Mais voici qu’avec M. Poutine l’hydre de la guerre de conquête ressurgit; brutale, violente, couverte d’un immense mensonge proféré avec un cynisme absolu.

Pourquoi cette agression ? Pour une raison majeure : les valeurs adoptées par les Ukrainiens sont celles de l’Union Européenne, avant même l’assouvissement de son rêve d’empire.

Comment ignorer au nom de quoi les peuples se révoltent ? Depuis  la Tunisie puis l’Egypte, l’Irak, l’Algérie, le Soudan, la Birmanie, le Nicaragua, la Chine, la Biélorussie résonne toujours le même slogan : liberté !

Aujourd’hui, la résistance de la nation Ukrainienne est la plus formidable démonstration de l’importance fondamentale de ces valeurs et principes : au  péril de leur vie, des citoyens se lèvent contre le dictat de Vladimir Poutine. Et cette insurrection transcende l’appartenance linguistique,, puisque les Russophones de ce pays refusent cette invasion censée les protéger; ce qui prouve que dans l’esprit de ces personnes l’attachement aux valeurs de liberté est plus fort que celui à une langue qui, en l’occurrence, traduirait aussi celui à la nation Russe.

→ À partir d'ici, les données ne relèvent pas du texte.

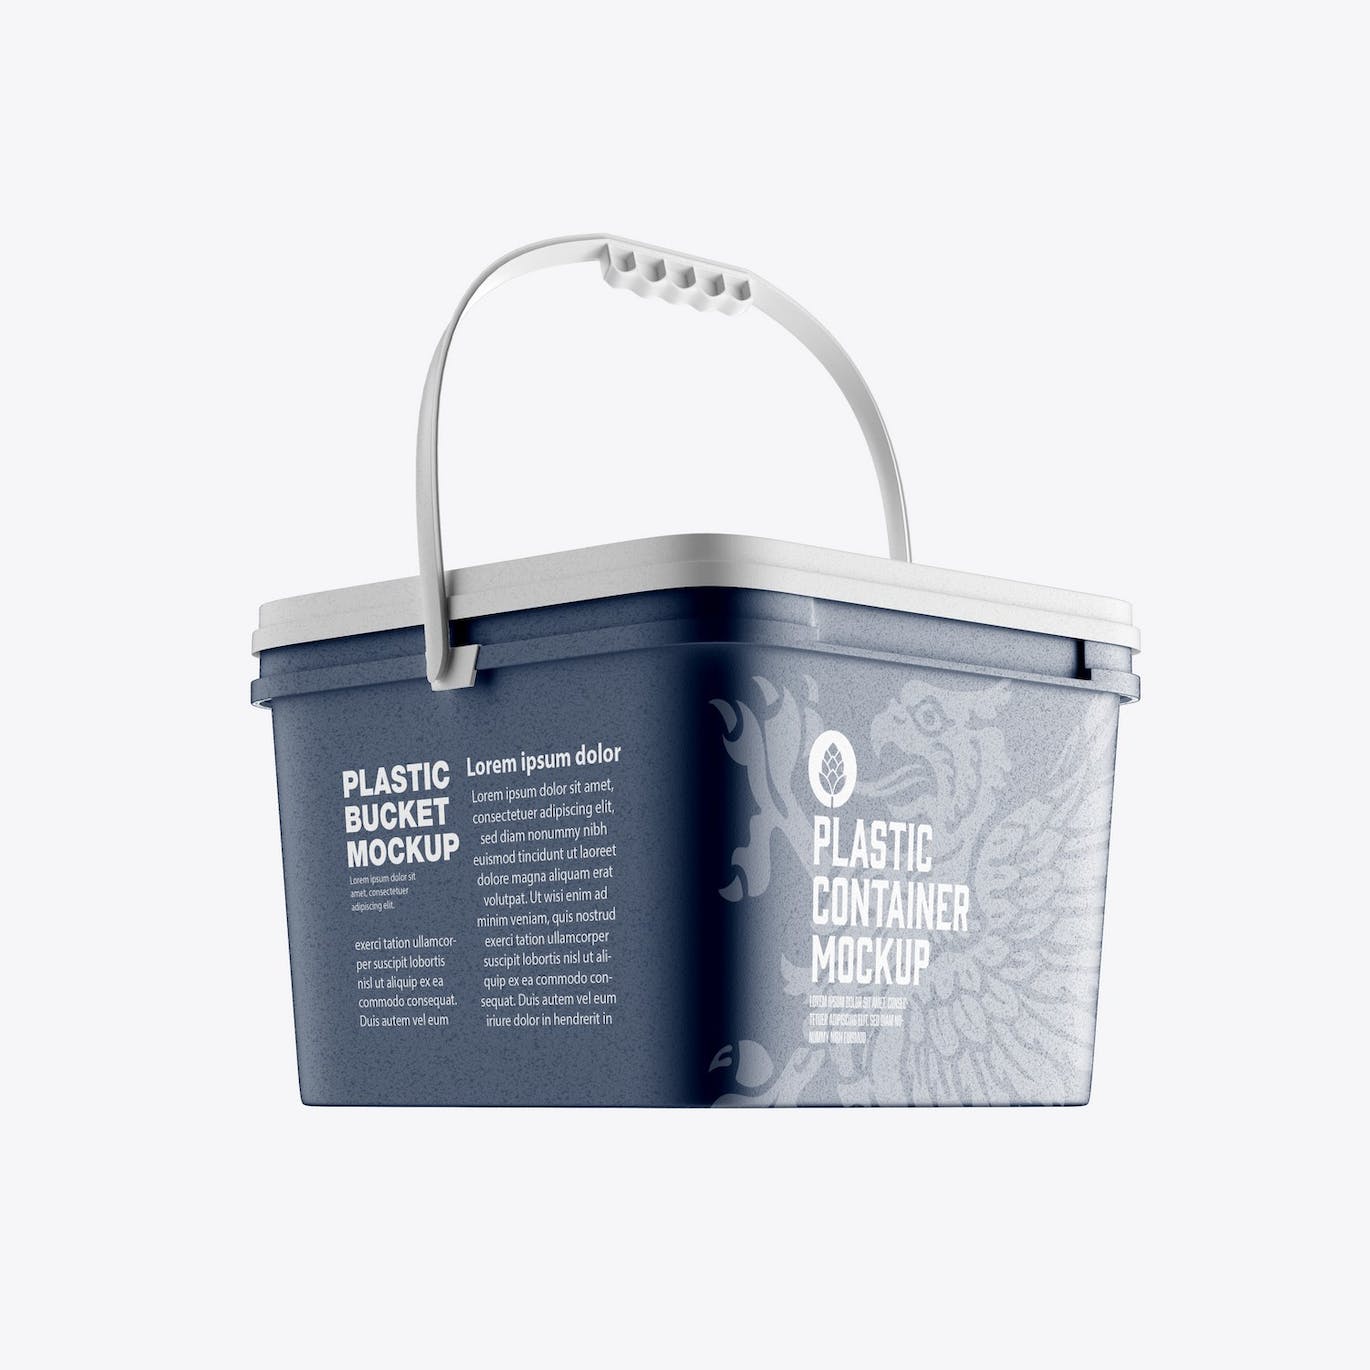 方形塑料容器包装设计样机 Square Plastic Container Mockup 样机素材 第15张

Alors, puisqu’elles sont si essentielles, indispensables, si désirées et si menacées, remettons les sur le devant de la scène politique nationale et internationale avec détermination et enthousiasme; proposons-nous d’en assurer la promotion et le respect; faisons d’elles la référence incontournable de nos choix dans tous les domaines de l’action publique. Nul besoin de grandes reformes puisqu’elles figurent dans la Déclaration Universelle des Droits de l’Homme, dans la Charte Européenne du même nom et dans notre bloc de constitutionnalité.

Chacun a compris combien les promesses et les programmes étalent fragiles face au surgissement de réalités toujours mouvantes et imprévisibles; par contre, les principes et les valeurs fondatrices de nos sociétés doivent toujours demeurer l’axe inaltérable des réponses à leur apporter.

Ce sera, à la fois, une entreprise de clarification à l’égard des citoyens et le repère à l’aune duquel les décisions de nos gouvernants seront prises et jugées, et, au-dessus de tout, une démarche de vérité, à l’opposé de ce que nous proposent les démagogues et apprentis sorciers de tous horizons.